Gero: Die meiste Zeit bin ich auf meinem Feld zugange,
sorge dafür, dass Getreide und Gemüse gut wächst und ich im nächsten
Winter etwas zu Essen habe. In den Wirtshäusern bin ich ebenfalls oft
anzutreffen, ich mag es mit meinen Freunden zu plaudern und die kleinen
Probleme des Alltags mit ihnen gemeinsam zu lösen.
Johann: Was ist das schöne an Eurem Heimatort, was stört oder fehlt?
Gero: In Reutlingen ist immer etwas los und man ist nie
einsam. Dafür fehlt manchmal die Ruhe und die Dramen, in die man
hineingezogen wird oder die man miterlebt, nehmen überhand.
Johann: Habt ihr eine schöne Geschichte für uns? Etwas, an was ihr Euch immer erinnern werdet?
Gero: Ja, die habe ich tatsächlich, ich möchte etwas
erzählen, was ich vor wenigen Monaten genau so miterlebt habe, und bei
der aktuellen Gefahr auf Württembergs Straßen finde ich diese Geschichte
heute aktueller denn je.
Ich war mit drei Freunden unterwegs, als wir ausgeraubt wurden.
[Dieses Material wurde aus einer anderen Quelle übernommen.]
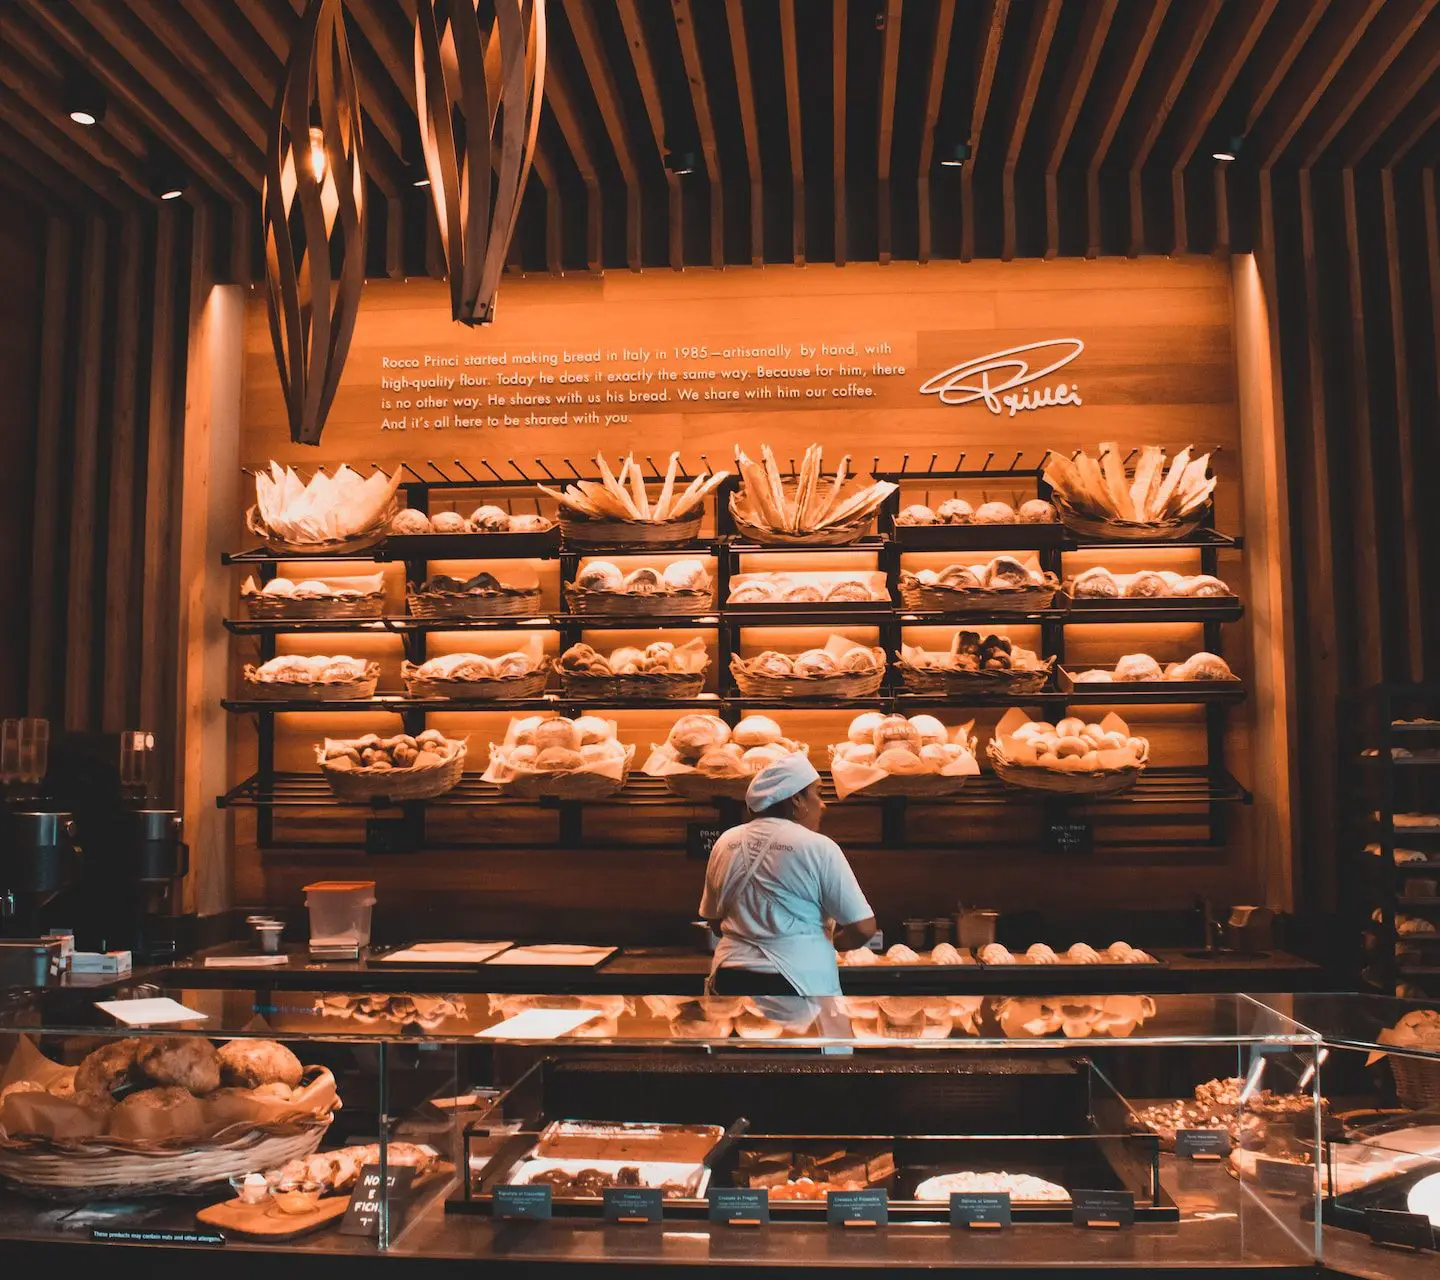 The 10 Best Bakeries in Orlando

Neben allen Talern waren unter den Dingen, die wir verloren, auch einige
persönliche Wertsachen. Sie waren zwar zweifelsfrei als solche zu
erkennen, hätten aber auch dem Räuber im Verkauf sicher noch ein paar
Taler extra eingebracht. Am Ende wurden uns diese Wertsachen wieder
zugespielt und bis auf ein paar Schrammen und blaue Flecke ist am Ende
nichts passiert, wenn man mal vom Verlust der Taler absieht. Es ist
nicht schön, ausgeraubt zu werden, aber wir haben etwas erlebt, sind
daran gewachsen und wir konnten bald wieder darüber lachen. Ich möchte
den Raub sicher nicht verharmlosen, aber wären alle Überfälle so wie
dieser, würde ich mich auch allein auf die Straße trauen.
Johann: Was gefällt Euch in Württemberg, was fehlt in Württemberg?
Gero: Württemberg ist wie Reutlingen, nur in groß, und
langweilig wird es hier so bald bestimmt nicht. Es gibt tolle
Freundschaften und sinnlos ausgelebte Abneigungen. Mir missfällt, dass
der persönliche Vorteil bei vielen über dem Wohl aller steht und der
Sinn für die Gemeinschaft fehlt, die wir nun ein mal sind. Dagegen
gefällt mir, dass es engagierte Bürger gibt, die genau das versuchen zu
ändern.
Vielen Dank an Herrn Gero Grünschleier, den weisen Bürgervertreter, für das Beantworten unserer Fragen.